*** COLLECTED DATA

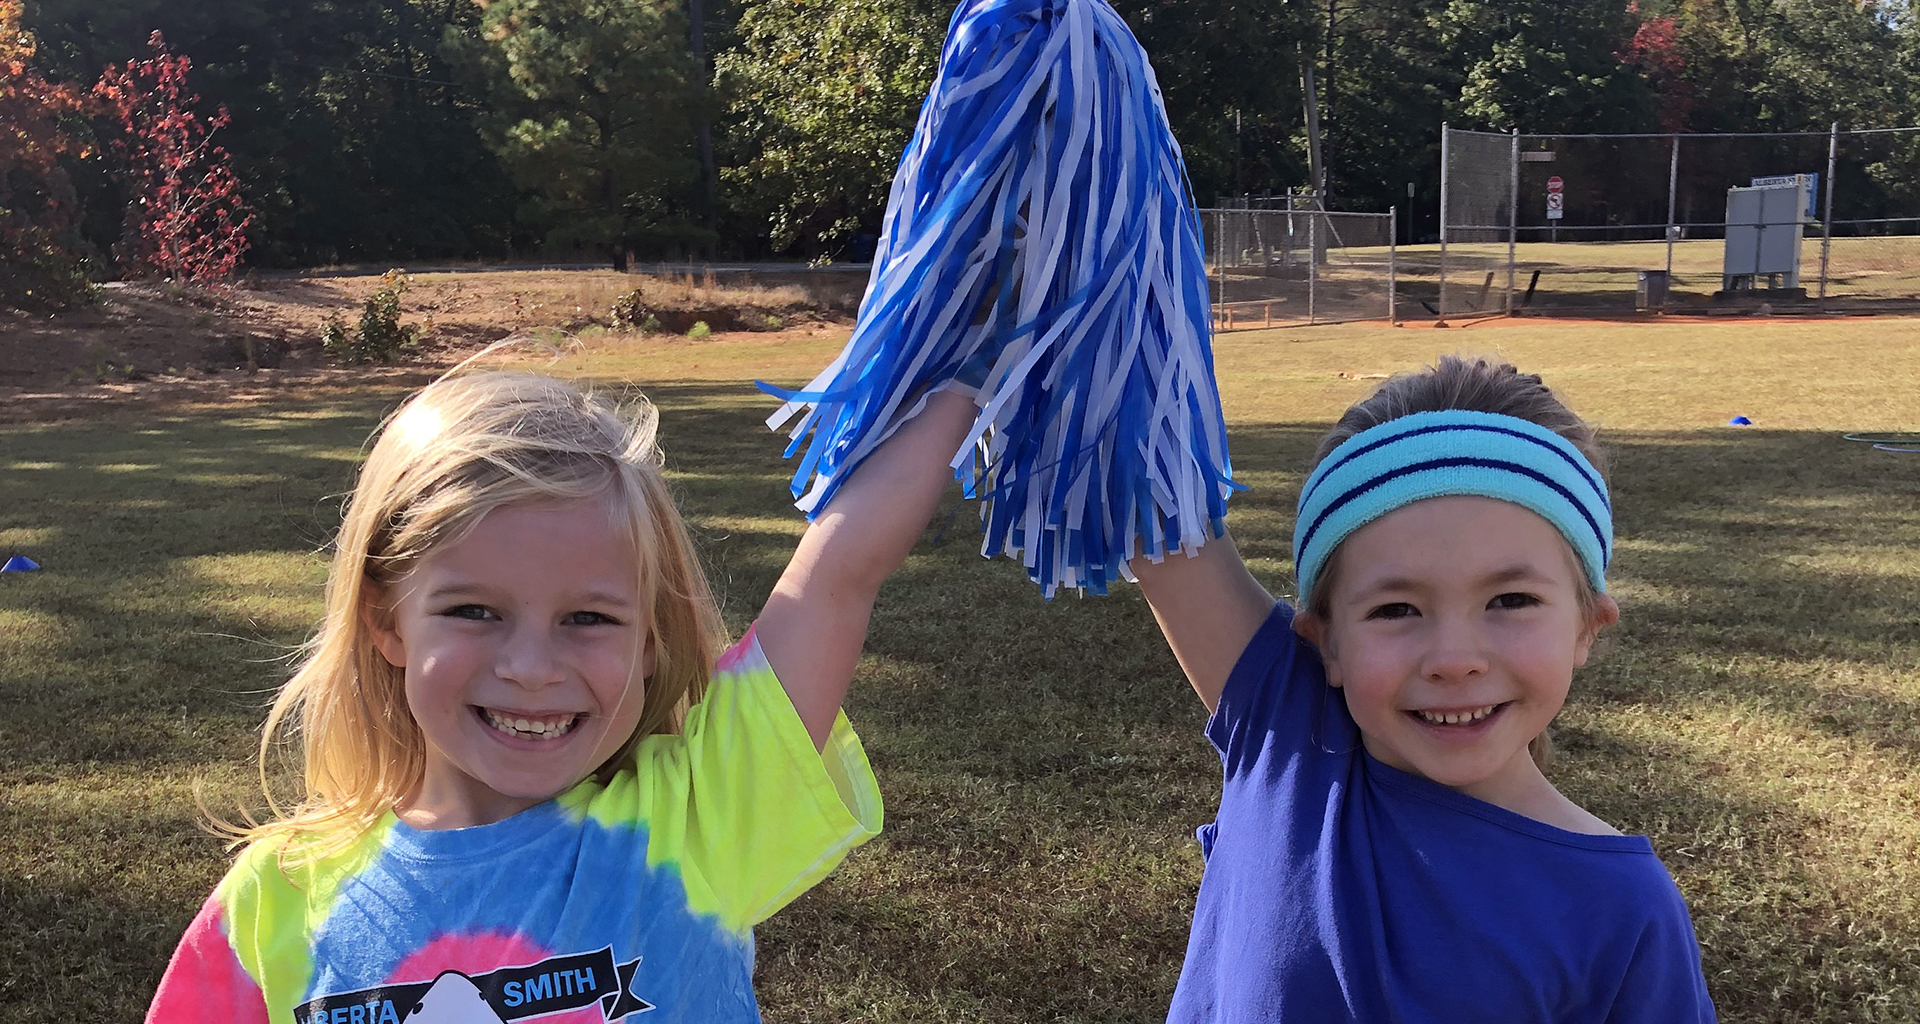 Two girls holding up a pom pom with their hands together in victory.
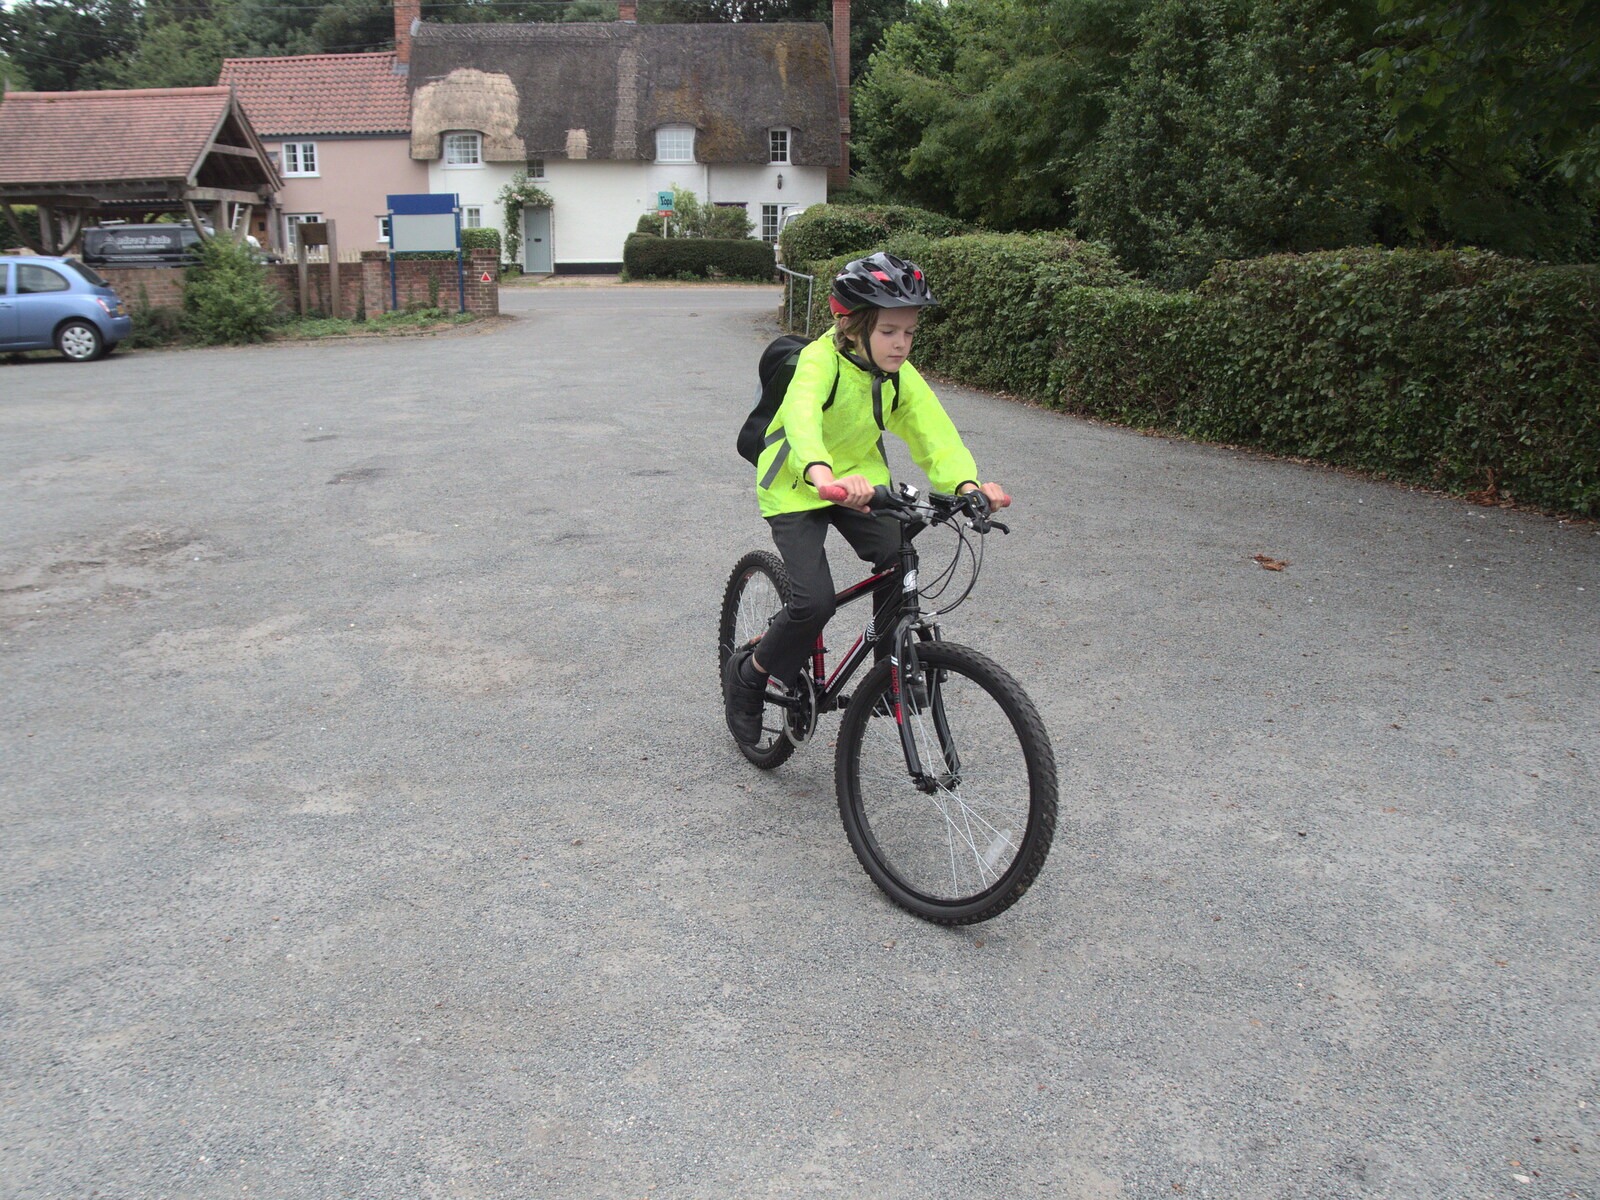 Harry cycles to the village hall with his eyes closed from Pizza at the Village Hall, Brome, Suffolk - 24th June 2022
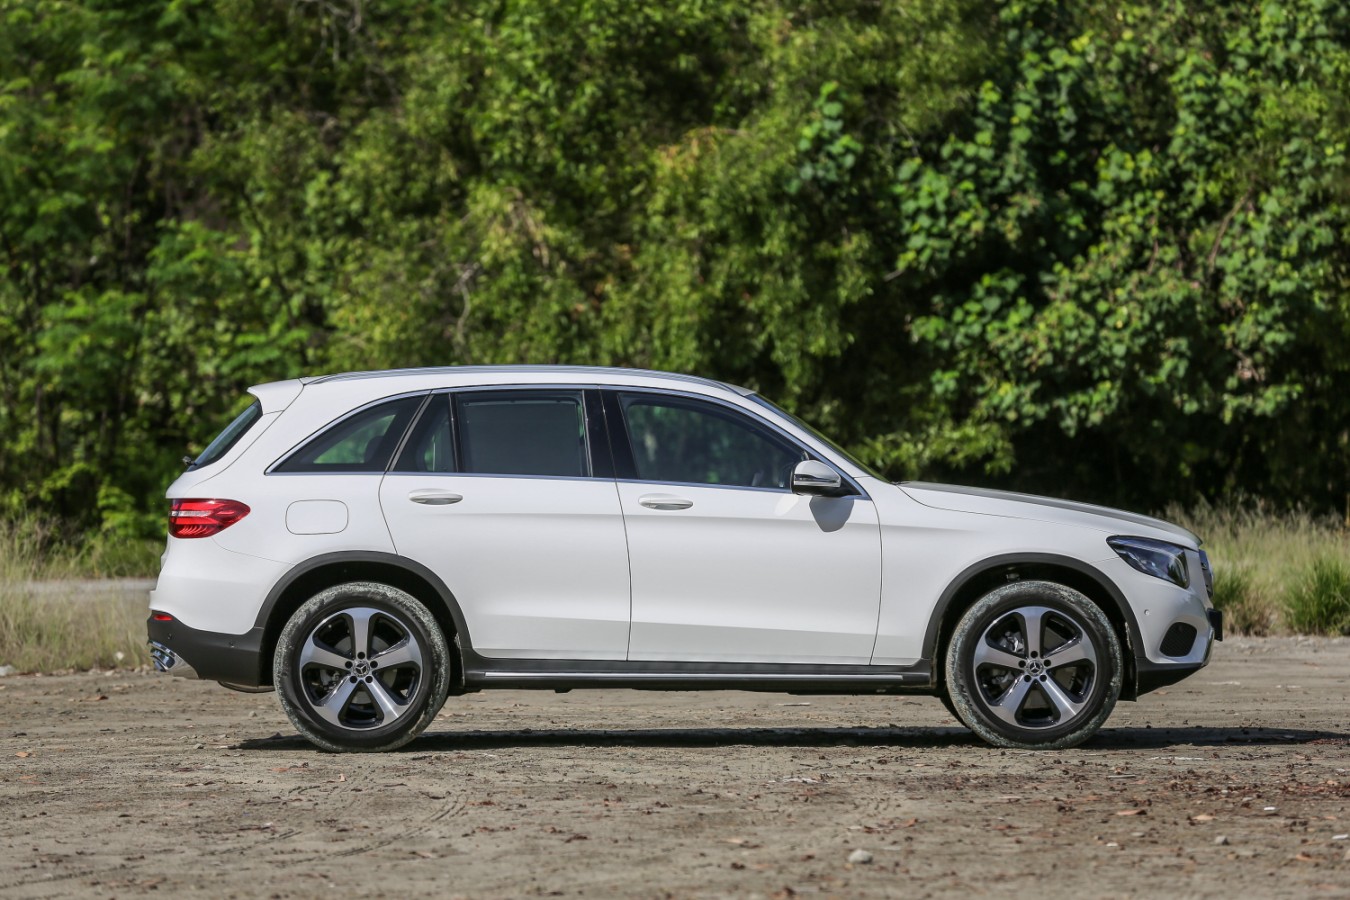 Motoring-Malaysia: Mercedes-Benz Malaysia Launches The GLC 200 - The ...

******

With pictures omitted, reproduce exactly the lines from the line containing "Harry cycles to" through the end of the data above.

[TASK RESPONSE]:
 Harry cycles to the village hall with his eyes closed from Pizza at the Village Hall, Brome, Suffolk - 24th June 2022
 Motoring-Malaysia: Mercedes-Benz Malaysia Launches The GLC 200 - The ...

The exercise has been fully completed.